Efficient Multipath Differential Routing and Traffic Scheduling in Ultra-Dense LEO Satellite Networks: A DRL With Stackelberg Game Approach

Low Earth orbit satellite networks (LSNs) are envisioned as key enablers of 6G by offering ubiquitous, low-latency connectivity. Their mesh topology enables multipath differential routing, which improves bandwidth utilization and reduces transmission delay. However, the growing demand for data and the dynamic, self-organizing nature of LSNs pose significant challenges for joint multipath routing and traffic scheduling under strict latency and energy constraints. To address these challenges, this paper proposes a multipath routing optimization (MRO) and traffic scheduling method tailored for multipath differential routing. Specifically, a dynamic multi-attribute graph model is developed to precisely capture the dynamic properties of LSNs. Building on this model, a MRO algorithm, integrated with a Stackelberg game framework, is introduced.

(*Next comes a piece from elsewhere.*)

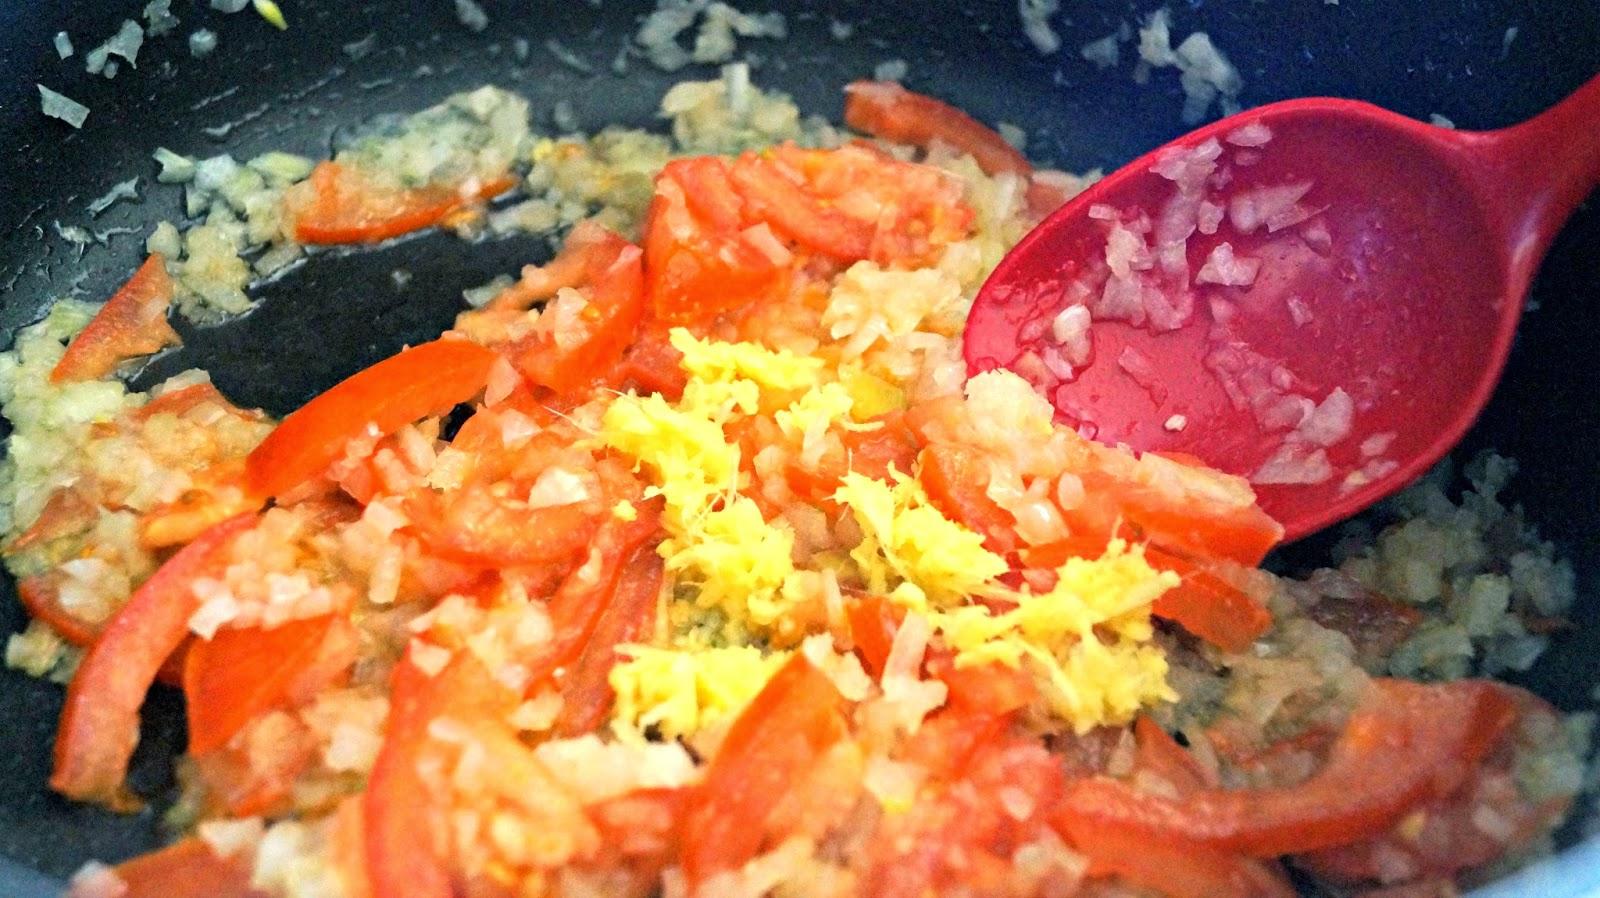 http://cupcakeluvs.blogspot.dk/2015/02/spicy-kylling-grn-bnner-lasagne-spicy.html

The MRO algorithm employs a decomposition-based approach to identify multiple optimal paths that minimize delay and energy consumption, while the Stackelberg game framework ensures efficient traffic distribution across these paths. Numerical results demonstrate that the proposed approach significantly outperforms existing baseline methods, achieving cumulative reward improvements of 26.77% to 43.8% across four real-world network topologies and exhibiting better Pareto front coverage. Furthermore, by leveraging the rapid convergence properties of the Stackelberg game model, the proposed method enhances network throughput by 12% to 43% and reduces transmission time by 14% to 49%.